VAT and account codes. VAT rates and chart of accounts structures vary by country and, for some fields, by individual tenant configuration. Norway and the Netherlands use different VAT rate structures and account number conventions. Your integration needs to handle this per-tenant rather than assuming a fixed mapping.

For customer invoices specifically, Visma's Invoice Payments FAQ and Autoinvoice guide cover the workflows for payment reconciliation and automated sending in detail. These are worth reading before building the invoicing leg of an integration, since some behaviors (like triggering email delivery) require specific payload fields that aren't obvious from the endpoint reference alone.

Rate Limits and Error Handling

The API enforces rate limits, documented in the developer portal. Every non-successful response includes a unique Error ID. Include that Error ID and your client_id whenever you contact Visma API support. Responses without the Error ID significantly slow down support resolutions.

Support is market-specific:

The Maintenance Burden

A working Visma eAccounting integration takes real engineering effort to build. The OAuth scope model requires careful upfront planning, the token refresh logic needs to handle password-change invalidation explicitly, pagination must be handled on every list endpoint, and country-specific VAT and account structures have to be resolved per tenant. None of these are blockers, but together they represent a meaningful investment to build correctly and to maintain as the API evolves.

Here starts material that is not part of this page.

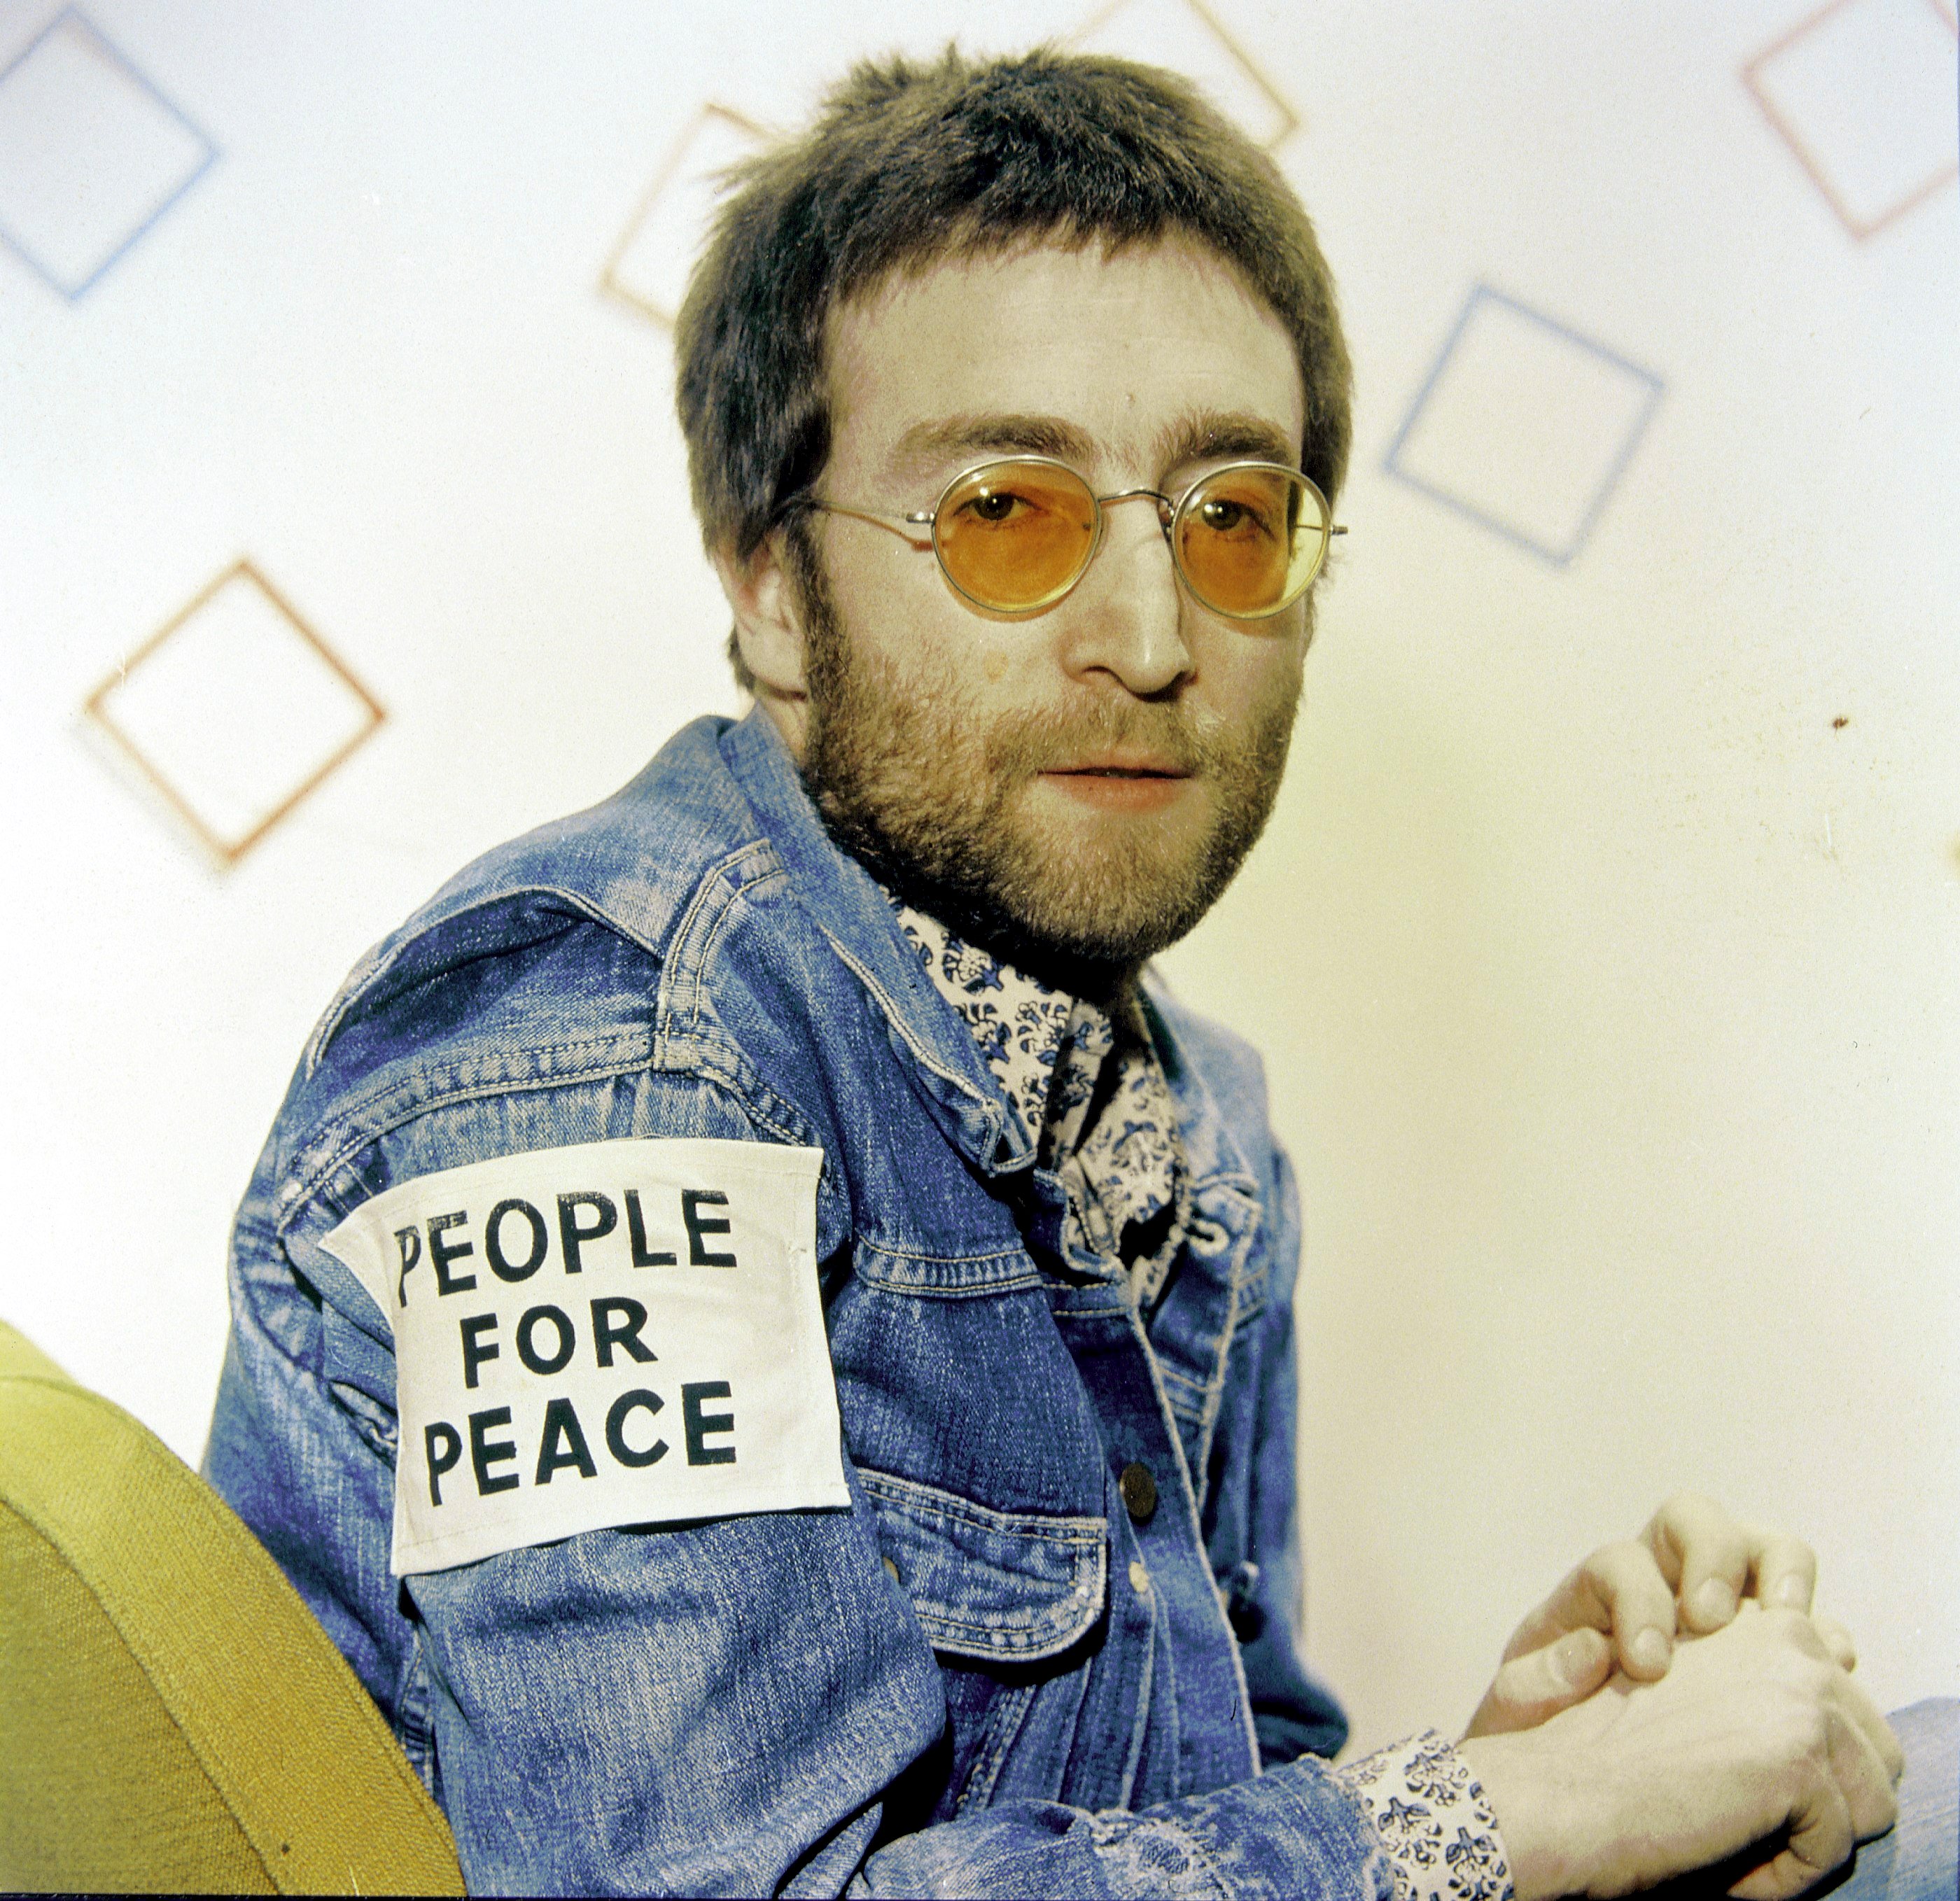 John Lennon wearing yellow glasses during The Beatles' "Let It Be" era

If you're building accounting integrations across multiple platforms alongside eAccounting, a unified API layer can absorb the per-platform differences in authentication, data models, and error behavior. Apideck's Accounting API normalizes data across 35+ accounting platforms through a single schema, and the Vault component handles OAuth flows and token management without requiring custom code per connector. For teams that need to ship integrations quickly across multiple markets and platforms, that tradeoff is often worth examining before committing to a stack of direct integrations.

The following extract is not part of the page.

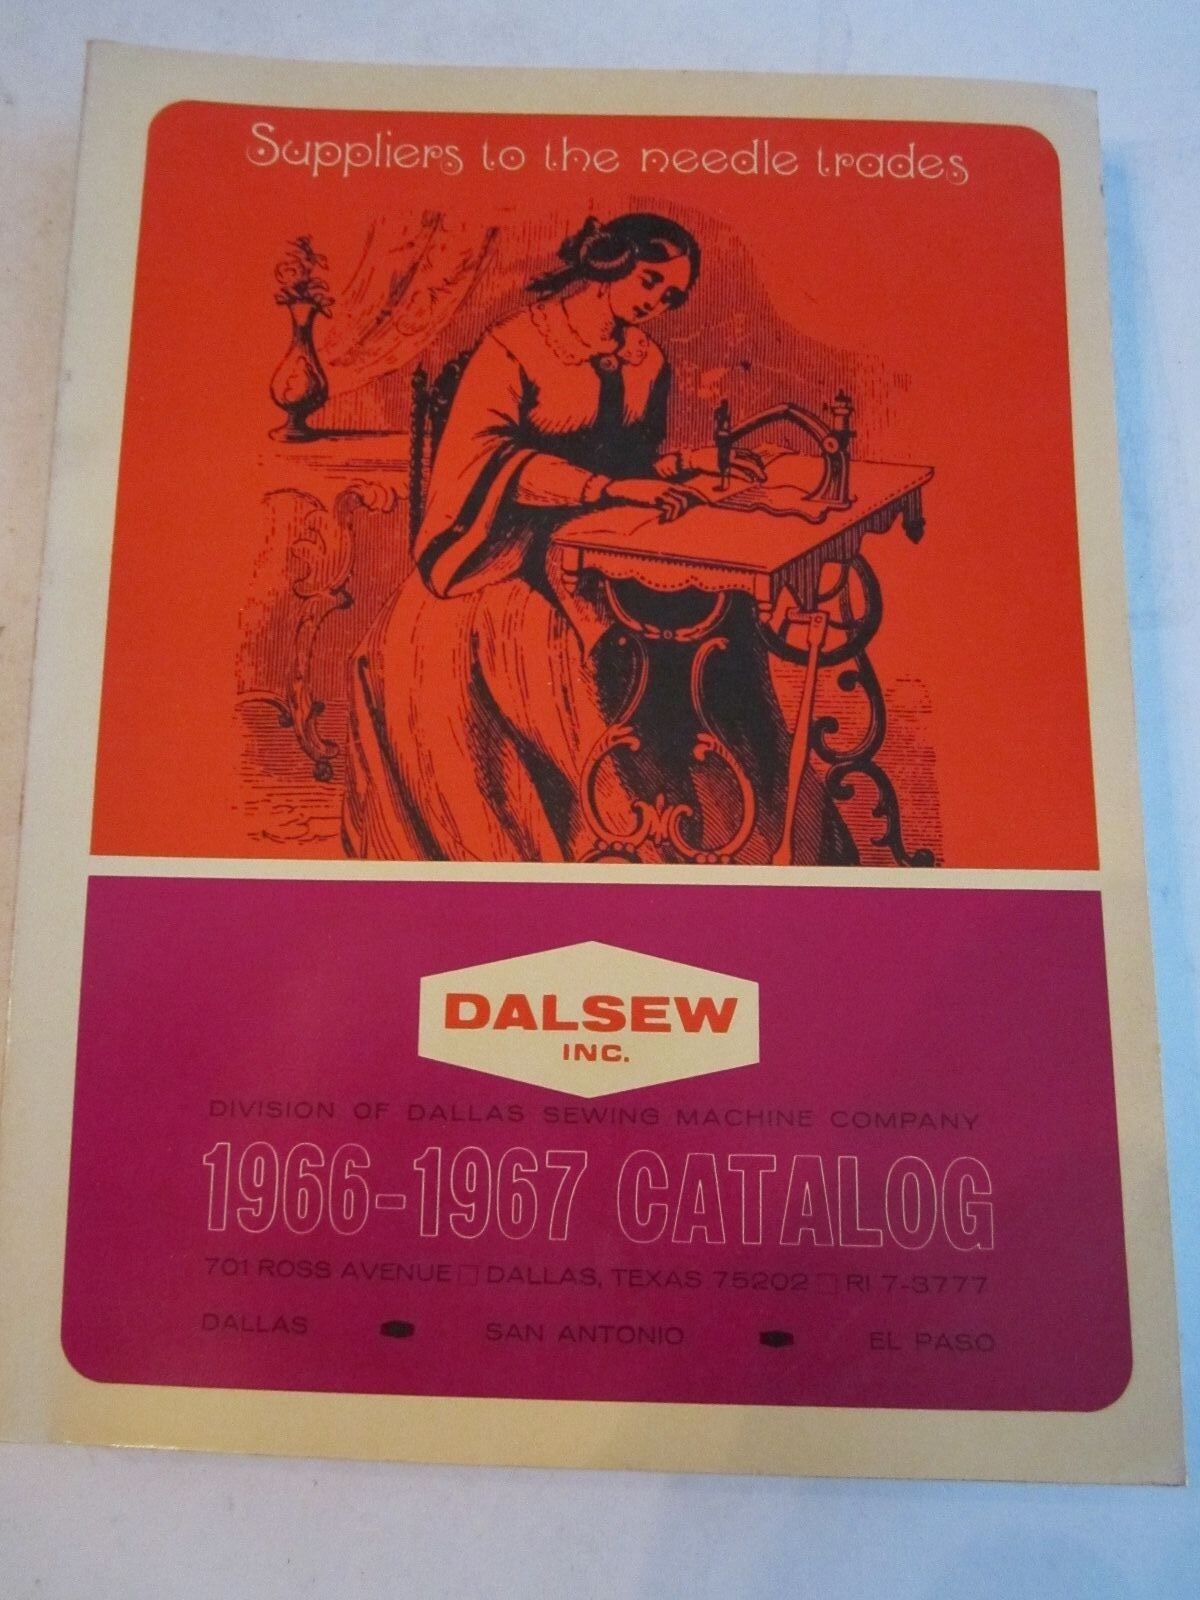 1966-1967 DALLAS SEWING MACHINE PARTS CATALOG - 546 PAGES - SEE PICS - TUB RRRR

For teams building specifically against Visma eAccounting, the official developer portal and API reference are the ground truth. The sandbox registration is free and takes a few minutes. Get credentials, poke around in the sandbox company, and build the OAuth flow before writing any data-sync logic. It's the fastest way to catch scope issues before they become customer re-authorization requests.